I was previously aware of many of Alan Turing's contributions, especially in relation to the Turing Machine, cryptography, computing, and artificial intelligence. However, I hadn't realized the extent of Turing's use of, and contributions to, a range of important statistical tools. Some of these tools have a direct bearing on Econometrics.

For example:
  • (HT to Lief Bluck for this one.) In 1935, at the tender age of 22, Turing was appointed a Fellow at King's College, Cambridge, on the basis of his 1934 (undergraduate) thesis in which he proved the Central Limit Theorem. More specifically, he derived a proof of what we now call the Lindeberg-Lévy Central Limit Theorem.  He was not aware of Lindeberg's earlier work (1920-1922) on this problem. Lindeberg, in turn, was unaware of Lyapunov's earlier results. (Hint: there was no internet back then!). How many times has your econometrics instructor waved her/his arms and muttered ".......as a result of the central limit theorem....."?
  • In 1939, Turing developed what Wald and his collaborators would later call "sequential analysis". Yes, that's Abraham Wald who's associated with the Wald tests that you use all of the time.Turing's wartime work on this subject remained classified until the 1980's. Wald's work became well-established in the literature by the late 1940's, and was included in the statistics courses that I took as a student in the 1960's. Did I mention that Wald's wartime associates included some familiar names from economics? Namely, Trygve Haavelmo, Harold Hotelling, Jacob Marschak, Milton Friedman, W. Allen Wallis, and Kenneth Arrow.
  • The mathematician/statistician I. J. ("Jack") Good was a member of Turing's team at Bletchley Park that cracked the Enigma code. Good was hugely influential in the development of modern Bayesian methods, many of which have found their way into econometrics. He described the use of Bayesian inference in the Enigma project in his "conversation" with Banks (1996). (This work also gave us the Good-Turing estimator - e.g., see Good, 1953.)
  • Turing (1948) devised the LU ("Lower and Upper") Decomposition that is widely used for matrix inversion and for solving systems of linear equations. Just think how many times you invert matrices when you're doing your econometrics, and how important it is that the calculations are both fast and accurate!
Added, 20 February, 2015: I have recently become aware of Good (1979)

References

Banks, D. L., 1996. A conversation with I. J. Good. Statistical Science, 11, 1-19.

Good, I. J., 1953.The population frequencies of species and the estimation of population parameters. Biometrika, 40, 237-264.

Good, I. J., 1979. A. M. Turing's statistical work in World War II. Biometrika, 66, 393-396.

Turing, A. M., 1948. Rounding-off errors in matrix processes. Quarterly Journal of Mechanics and Applied Mathematics, 1, 287-308.


© 2014, David E. Giles

Monday, December 29, 2014

Multivariate Medians

I'll bet that in the very first "descriptive statistics" course you ever took, you learned about measures of "central tendency" for samples or populations, and these measures included the median. You no doubt learned that one useful feature of the median is that, unlike the (arithmetic, geometric, harmonic) mean, it is relatively "robust" to outliers in the data.

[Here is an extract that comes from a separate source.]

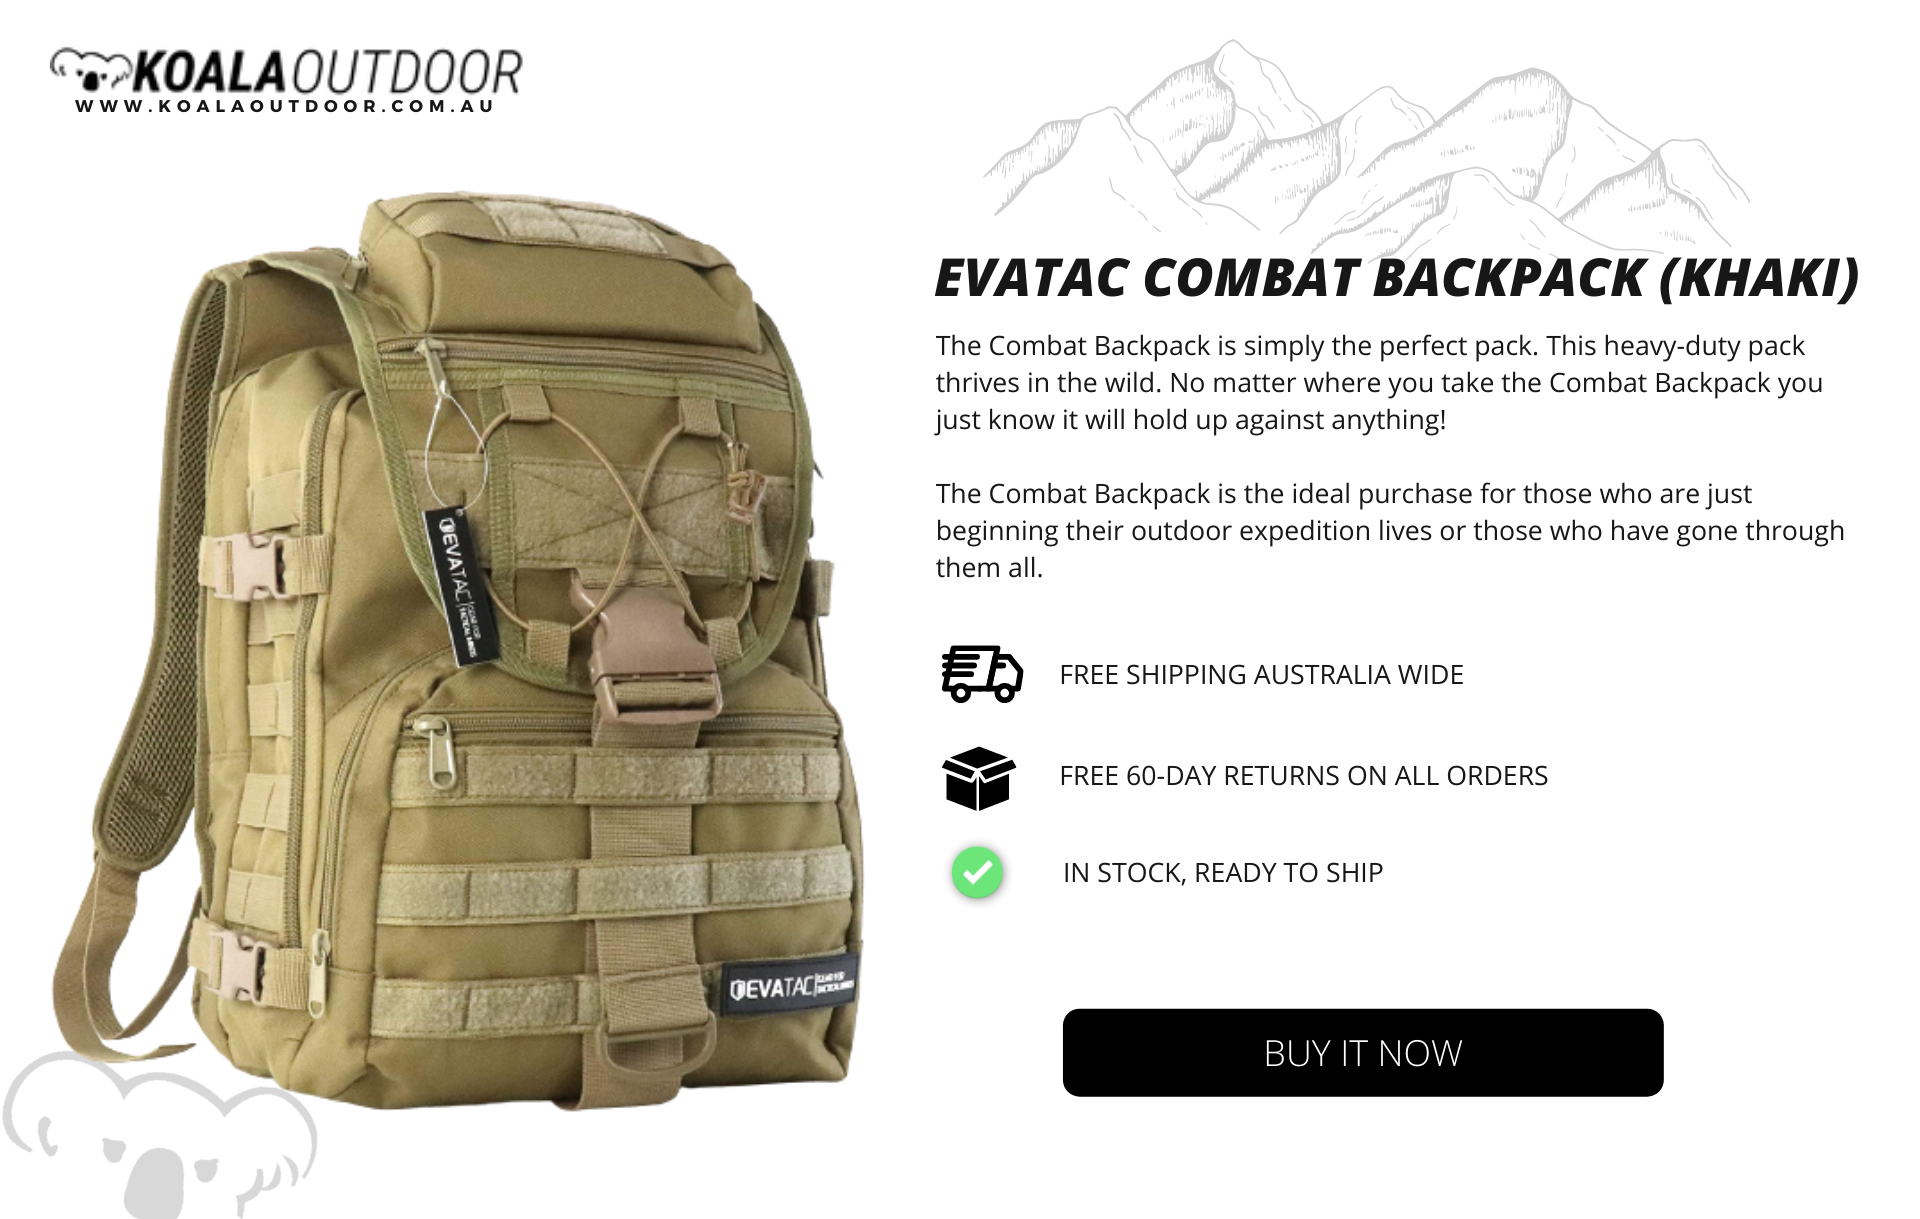 Evatac Combat Backpack

(You probably weren't told that J. M. Keynes provided the first modern treatment of the relationship between the median and the minimization of the sum of absolute deviations. See Keynes (1911) - this paper was based on his thesis work of 1907 and 1908. See this earlier post for more details.)

At some later stage you would have encountered the arithmetic mean again, in the context of multivariate data. Think of the mean vector, for instance.

However, unless you took a stats. course in Multivariate Analysis, most of you probably didn't get to meet the median in a multivariate setting. Did you ever wonder why not?

One reason may have been that while the concept of the mean generalizes very simply from the scalar case to the multivariate case, the same is not true for the humble median. Indeed, there isn't even a single, universally accepted definition of the median for a set of multivariate data!

Let's take a closer look at this.

Sunday, December 28, 2014

Econometrics in the Post-Cowles Era

My thanks to Olav Bjerkholt for alerting me to a special edition of the open access journal, Oekonomia, devoted to the History of Econometrics. Olav recently guest-edited this issue, and here's part of what he has to say in the Editor's Foreword:

"Up to World War II there were competing ideas, approaches, and multiple techniques in econometrics but no ruling paradigm. Probability considerations played a very minor role in econometric work due to an unfounded but widely accepted view that economic time series were not amenable to such analysis. The formalization of econometrics undertaken at Cowles Commission in Chicago in the late 1940s inspired by the Probability Approach of Trygve Haavelmo, and often referred to as the CC-Haavelmo paradigm, placed the whole problem of determining economic relationships firmly within a probabilistic framework and made most traditional techniques redundant. A key assumption in this paradigm as it was conceived is that models to be estimated have been fixed with certainty by a priori formulated theories alone, it can thus be labeled as “theory-oriented”. It exerted a strong influence in the ensuing years, not least as consolidated standard econometrics propagated by textbooks. The history of econometrics, as written in the 1980s and 1990s, covered mainly the period up to and including the Cowles Commission econometric achievements.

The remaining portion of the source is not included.